We currently have a joint venture with a medium sized SOE where we own 35% of the shares in the company and hold one seat on the Board of three people. The joint venture company has 250 full time staff plus another 150 contract workers. Our partner is an SOE Group of 20  companies all in the electronics sector. The Group has been in the business for over 50 years and our specific company within it started making transformers and inductors for Japanese companies back in the early 1980’s.  Basically we bought into a going concern, not a start up.

Why Did Our China Experience Start?

Custom transformer manufacturing is a labour intensive process and for that reason we decided to go to China in 1999 to find a manufacturing company we could work with. Our Head Engineer was Chinese and had seen the need,  well before Management woke up to the fact,  that we were losing the competitive fight in our home market to international distributors who were already sourcing out of Asia. 

How Did We Choose Our Supplier?

At that stage we tried to draw up a list of characteristics a Chinese company would have to have in order to be able to work with us but  in the end we settled on only one:
they would have to be truthful at all times.

We then did the usual quoting, sample orders, quality checks, etc. with five possible companies and we stuck with the one which did what it said it would do, our current JV partner.
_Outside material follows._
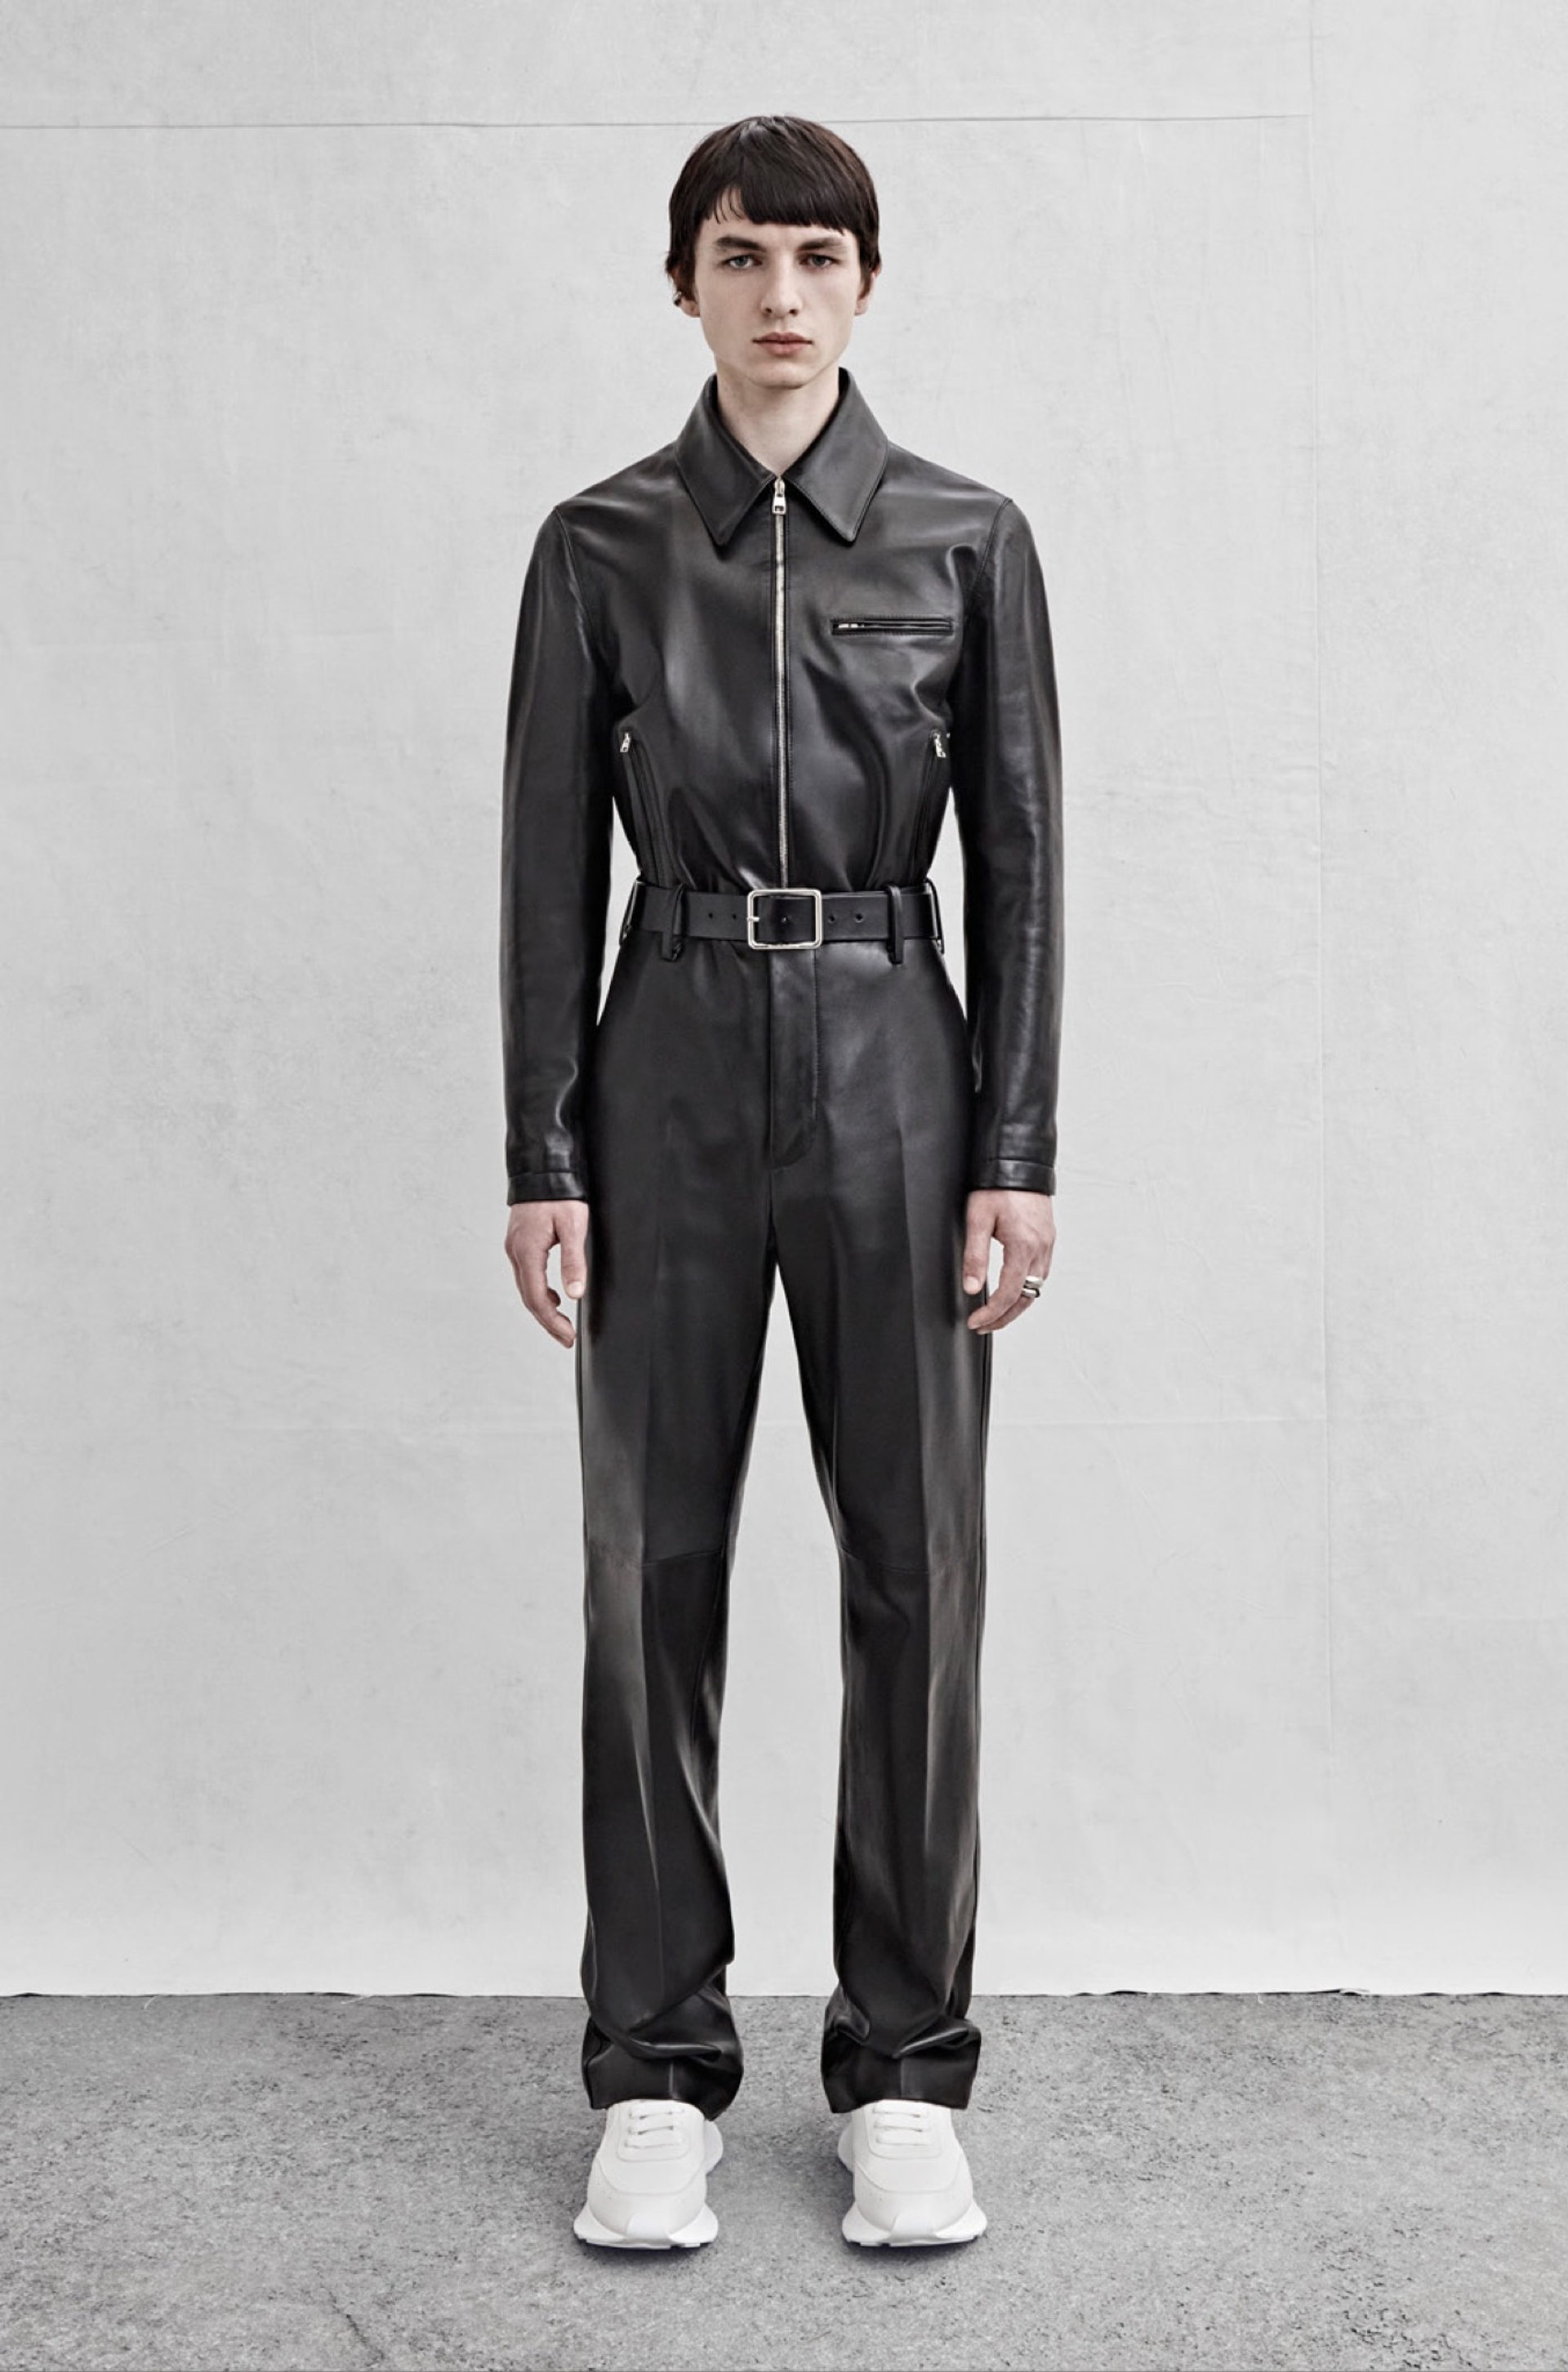 A bomber jacket in black leather and wide-legged trousers in black leather.

From Supplier to Joint Venture Partner

We traded for over  18 months and this gave us both  the opportunity to get to know each other as individuals and as organizations. The trust that quickly developed between our operations can be credited to my opposite number who is one of the most forthright persons I know. He had started on the production floor and risen through the ranks, through sheer ability, to become the GM. Even though he is 15 years my junior, we  developed a very close personal bond, also shared by our Head Engineer,  which permeated the whole commercial relationship. We were very lucky!

In 2000 the GM came to us with the proposal of our buying into his company to form a joint venture (JV). It meant  good tax benefits for the operation as a whole and we understood that he was looking for the prestige within the SOE Group and the technology transfer that such an arrangement would bring. We, on the other hand, had not even contemplated a JV option, but having traded with Chinese companies for two years, we had learned that you are generally given service and pricing proportional to the amount of business you bring to the table. For us the JV presented the opportunity to sit at the table and therefore insure most of our requirements were met regardless of volume while we built the business up. The due diligence and subsequent value negotiations were very easy because of the tight personal and organizational relationship previously developed and by January 2001 we were partners.